The law, known as FOIA, is intended to facilitate the timely release of public information. Instead, federal officials routinely use it to delay and obstruct the release of information.
A bipartisan effort to reform the law died at the end of last year. This year, both the House and Senate have moved quickly to re-introduce versions of their bills.
Today, the Senate Judiciary Committee will vote on the FOIA Improvement Act of 2015. The legislation is an improvement but won’t fix all the problems that currently exist. (Update: The committee unanimously approved the legislation.)
Based on my own experience, there are five specific actions that Congress could take to improve government transparency. (You can read about them in detail below.)
- Review of FOIA documents by White House “equities” should be barred.

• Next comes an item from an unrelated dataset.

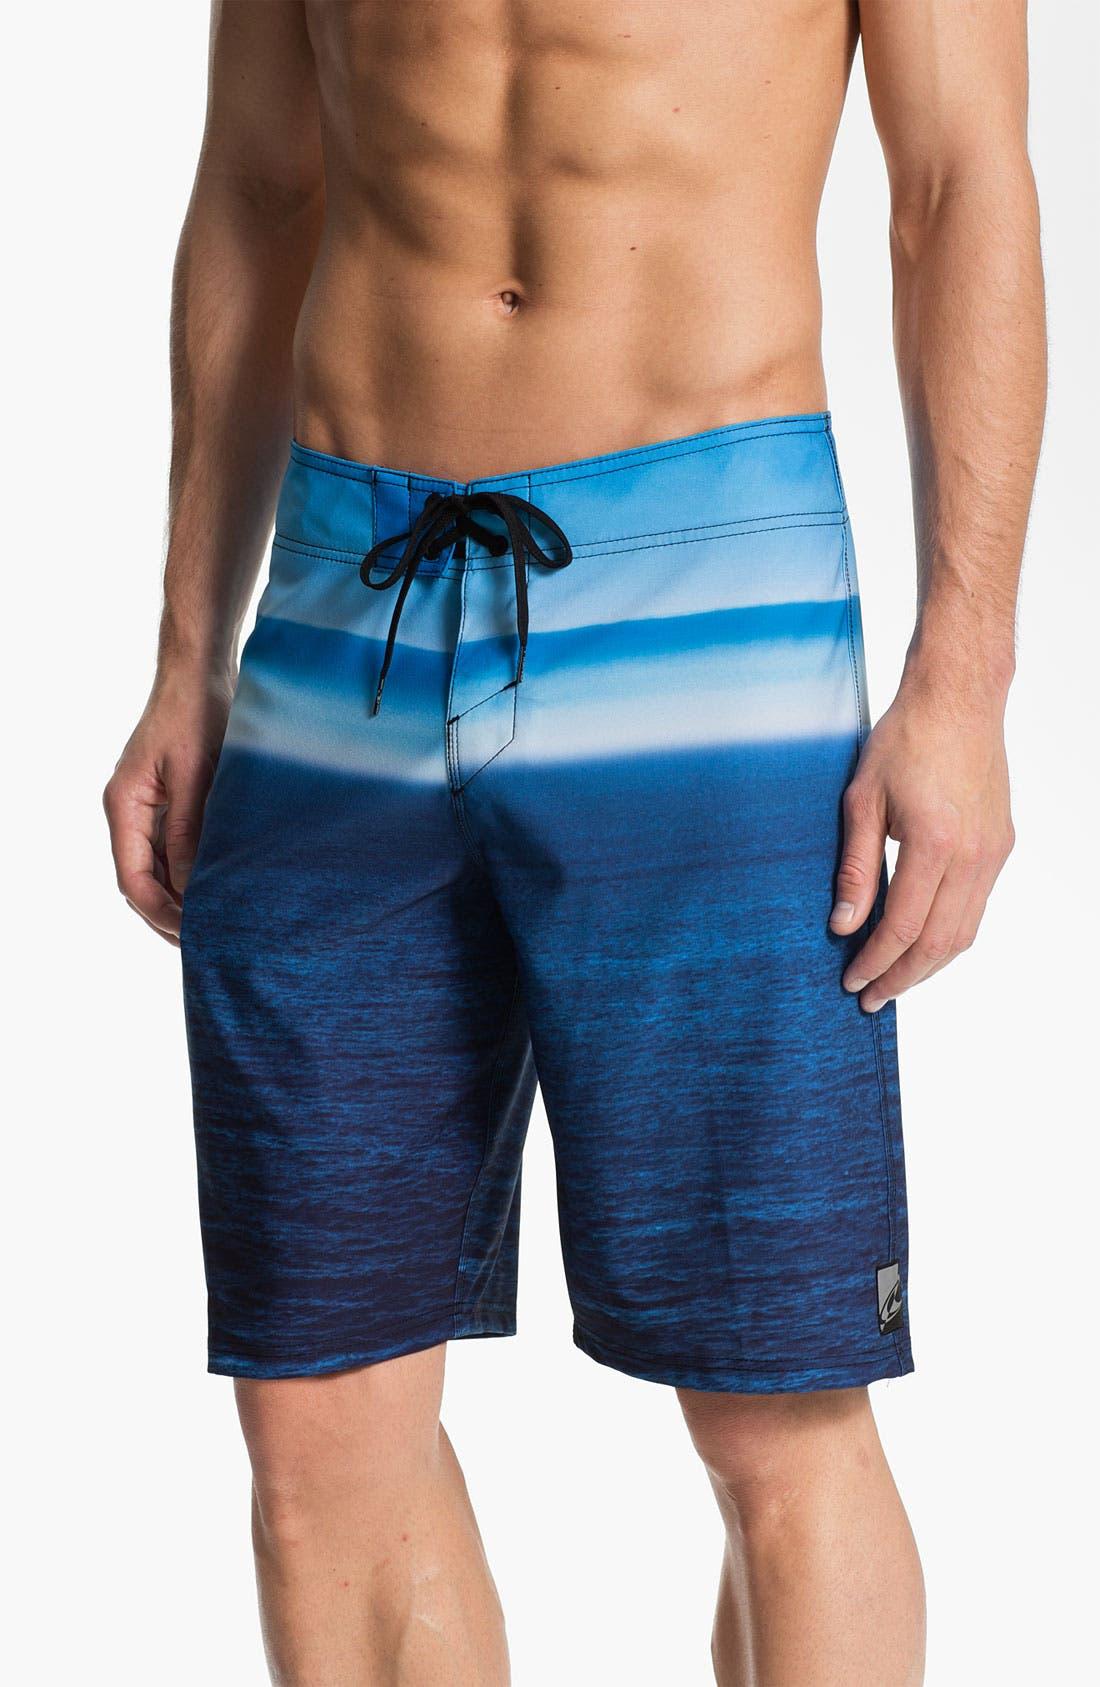 Alternate Image 1 Selected - O'Neill 'Fogbank' Board Shorts

- The “presumption in favor of disclosure” by itself will have no meaningful effect.
- Federal agencies should be forced to take proactive steps that will result in reducing their FOIA workload and response times.
- Officials who intentionally evade FOIA should be penalized.
- The Department of Justice should be forbidden from using tax dollars to defend itself and other federal agencies in FOIA lawsuits, except when funding is approved by Congress on a case-by-case basis.
In the House, Reps. Darrell Issa, R-Calif., and Elijah Cummings, D-Md., have partnered again to “establish a presumption of openness for releasing information while creating electronic accessibility for frequently released information.”
“At a time when the American people’s trust in the federal government is at an all-time low, we must strengthen and refine our laws that enable transparency and openness in government,” says Issa.
“[A]gencies should have to justify their actions when they want to withhold information from the American people,” says Cummings.
In the Senate, John Cornyn, R-Texas, and Patrick Leahy, D-Vt., are backing a bill that also establishes a “presumption of openness.”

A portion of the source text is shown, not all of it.